HSE Holds the Line. The EU Has Pulled Ahead.
The Health and Safety Executive(opens in new tab) recently published its policy position on the asbestos Control Limit. The decision was telegraphed, but after a full evidence review, the limit will stay at 0.1 fibres per millilitre, measured as a four-hour time-weighted average. With the EU now operating a limit ten times tighter, and a stricter enforcement duty above it, the decision raises questions.
Next to the EU, the position is harder to defend than it once was. For years, industry shorthand drew a clean philosophical line between the EU’s Occupational Exposure Limit and the GB Control Limit. The OEL was a permitted ceiling. The CL was a trigger. Two regulators, two instruments, two ideas. That line is no longer there.
The amended Asbestos at Work Directive, consolidated on 20 December 2023, has reshaped the EU position. Three articles do the work. Article 6 requires employers to reduce asbestos exposure to as low as is technically possible.
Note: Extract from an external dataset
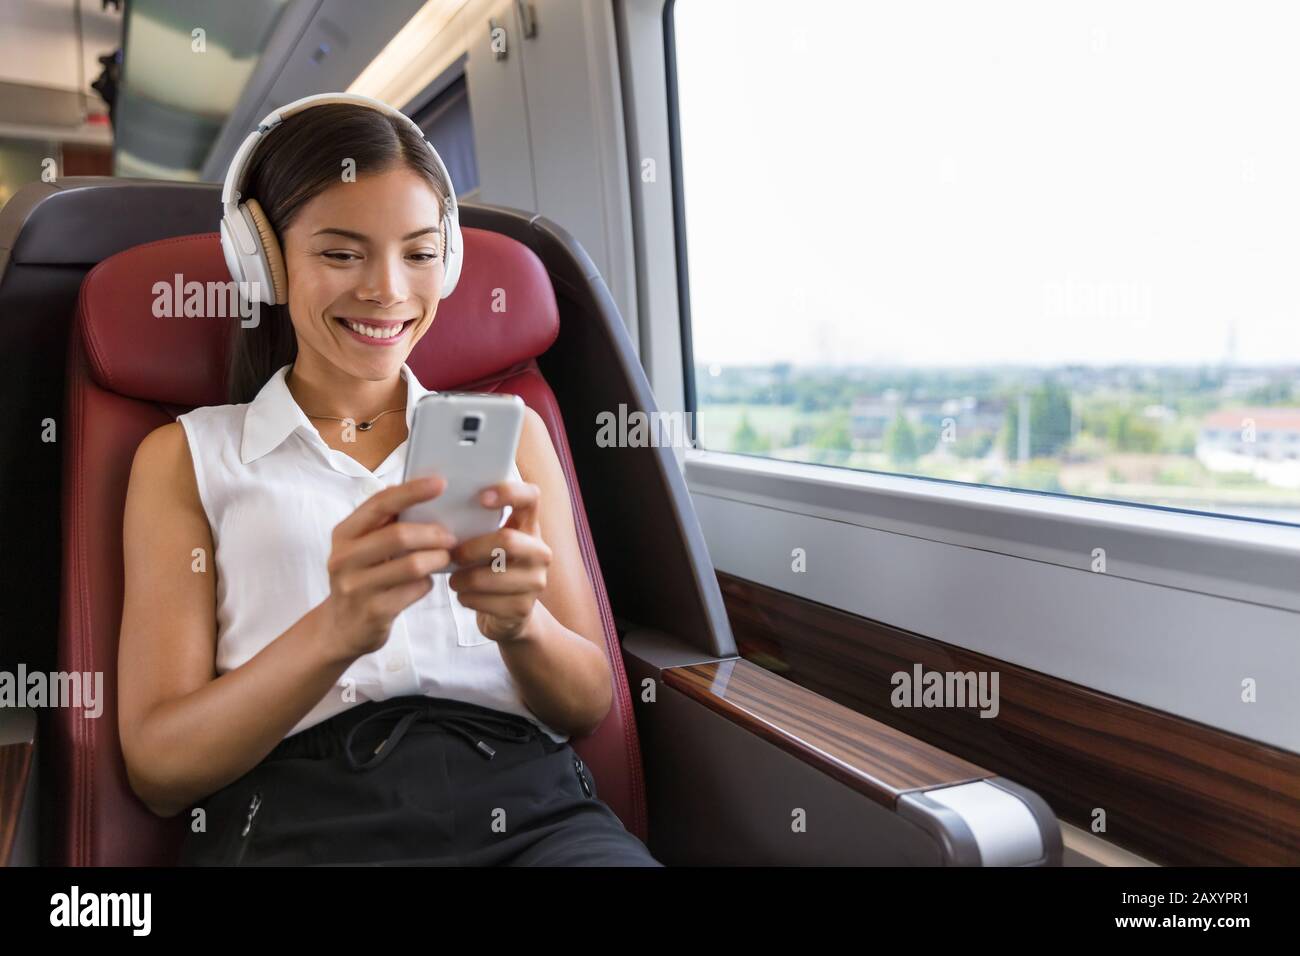 Moderner Lebensstil der Menschen in der Stadt. Junge urbane Frau mit Telefon-App und kabellosen Kopfhörern, um Musik zu hören oder Videospiele online zu spielen. Asiatische Mädchen genießen Zugfahrt auf dem Sitz der Business-Klasse. Stockfoto

That is ALAP, not ALARP. It strips out the financial element of the cost-benefit analysis and sets a stricter enforcement bar than ours. Article 8 fixes the interim limit value at 0.01 f/ml, with further reductions scheduled for 2029 depending on the testing methodology Member States adopt. Article 10 makes the limit value operate as the trigger for a hierarchy of precautions, with RPE as the last line of defence.
In other words, the EU limit now functions in much the same way as the GB Control Limit. Same architecture. Tighter number. Stricter duty. There is no permitted dose on either side of the Channel anymore.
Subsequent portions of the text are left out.